В девятнадцать лет он написал книгу, которая сделала его знаменитым на весь испаноязычный мир. «Двадцать поэм о любви и одна песня отчаяния» — сборник, который до сих пор остаётся одним из самых продаваемых поэтических изданий в истории на испанском языке. Строчка «Мне нравится, когда ты молчишь, ты как будто исчезла» разошлась на цитаты, татуировки и свадебные тосты по всему миру. А ведь писал её мальчишка, который сам толком не разобрался в любви — он признавался позже, что часть поэм адресована сразу нескольким женщинам, слитым в один образ. Литературная мистификация, которую никто не разоблачил при жизни автора, потому что все были слишком заняты цитированием.

Потом начинается дипломатическая карьера — и вот тут характер Неруды раскрывается во всей своей неоднозначности. Чилийское консульство отправляет его в Бирму, на Цейлон, в Батавию — по сути, в ссылку, куда сплавляют неудобных людей. Одиночество, тропическая жара, депрессия. И там же — эпизод, о котором сам Неруда рассказал в своих мемуарах «Признаюсь: я жил», не стесняясь формулировок. Он описывает, как воспользовался беззащитностью тамильской служанки в доме, где жил на Цейлоне. Написал об этом сам, как о факте своей биографии, будто это романтическое приключение. В 2018 году, когда чилийское правительство хотело переименовать в его честь международный аэропорт Сантьяго, разразился скандал — идею отменили. Литературный гений и, мягко говоря, отвратительный поступок уживались в одном человеке безо всякого противоречия для него самого.

Семейная жизнь Неруды — отдельная тёмная глава, которую биографы долго обходили стороной.

В 1934 году в Мадриде у него родилась дочь Мальва Марина — с врождённой гидроцефалией. Неруда, который к тому моменту уже был признанным певцом любви и человечности, практически не участвовал в её жизни. Когда началась Вторая мировая и Испания погрузилась в хаос гражданской войны, он уехал в Чили — а жену с больным ребёнком фактически бросил в оккупированной Голландии. Девочка умерла в восемь лет, в приюте, вдали от отца. Неруда никогда не приезжал на её могилу. Ни разу не упомянул дочь ни в одном стихотворении, ни в трёхтомных мемуарах. Как будто её не существовало вовсе.

Вот и разбирайся после этого, где кончается лирик и начинается человек, способный вычеркнуть из памяти собственного ребёнка.

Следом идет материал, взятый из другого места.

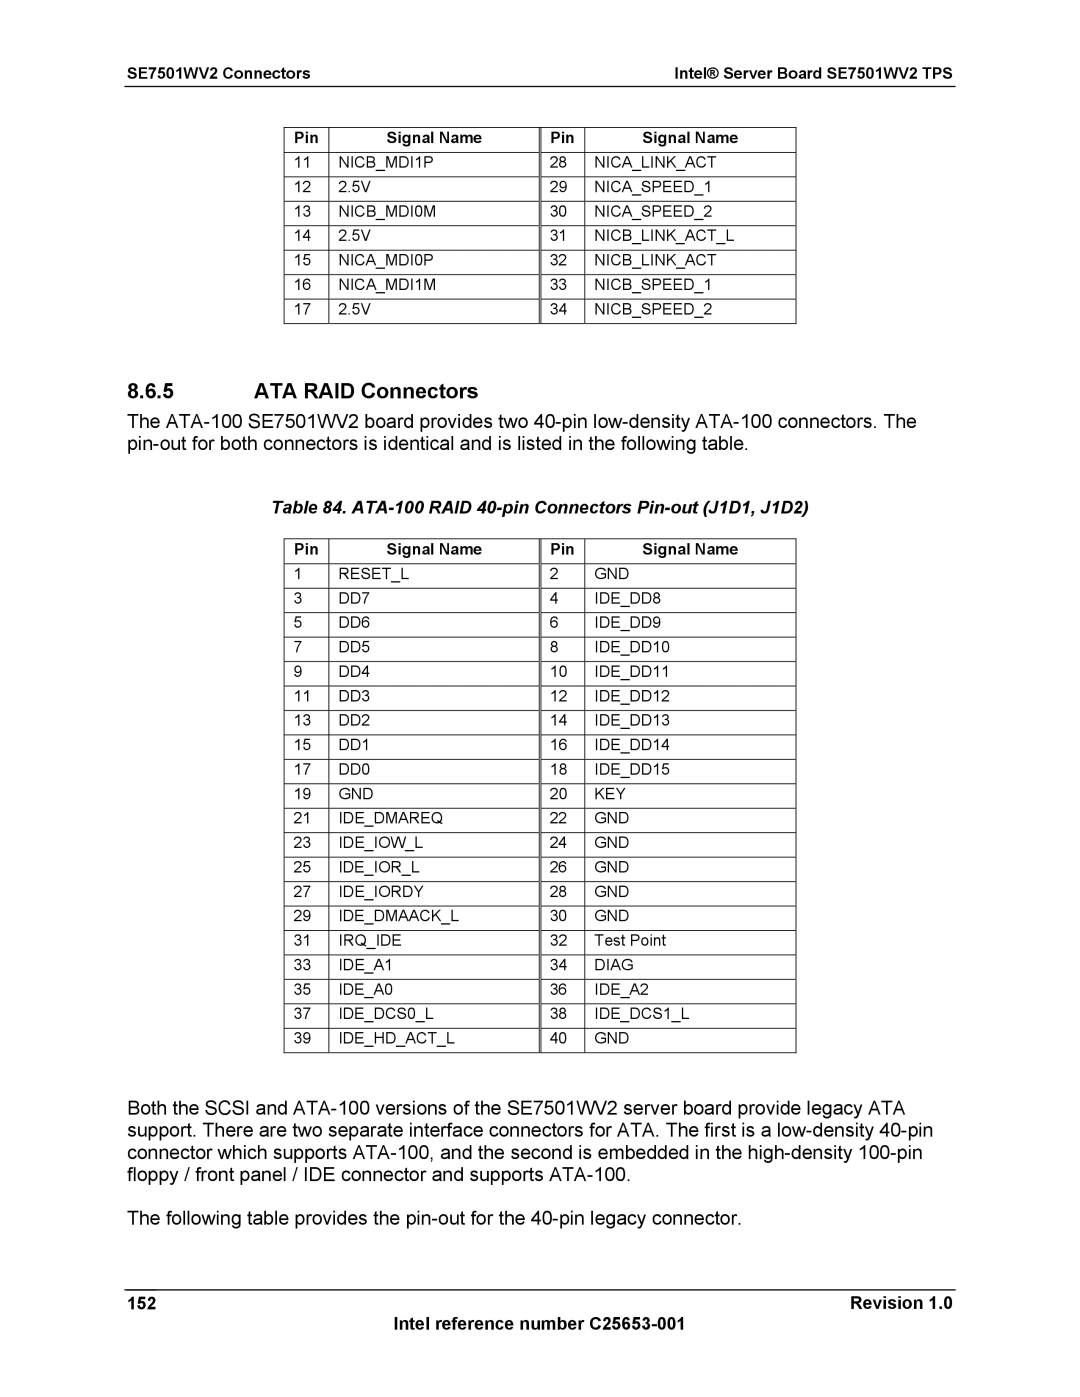 Intel SE7501WV2 manual ATA RAID Connectors, ATA-100 RAID 40-pin Connectors Pin-out J1D1, J1D2

При этом — да, безусловно — как поэт он был титаном. «Всеобщая песнь» (Canto General), написанная в 1950 году, это не просто книга — это попытка пересобрать историю всей Латинской Америки в стихах: от доколумбовых цивилизаций до эксплуатации медных рудников американскими корпорациями. Триста семьдесят страниц, пятнадцать разделов, голос континента, звучащий через одного человека. Знаменитые «Высоты Мачу-Пикчу» из этой книги — одна из вершин испаноязычной поэзии XX века, куда там любым учебникам по литературе.

Коммунистические взгляды Неруды не были позой ради красного словца. Он вступил в компартию Чили, стал сенатором, скрывался от преследований при президенте Гонсалесе Виделе, бежал через Анды верхом на лошади — точь-в-точь как персонаж авантюрного романа. Потом дружба с Сальвадором Альенде, пост посла во Франции, Нобелевская премия 1971 года. Формулировка комитета — «за поэзию, которая с действием элементарных сил приносит на континент судьбу и мечты».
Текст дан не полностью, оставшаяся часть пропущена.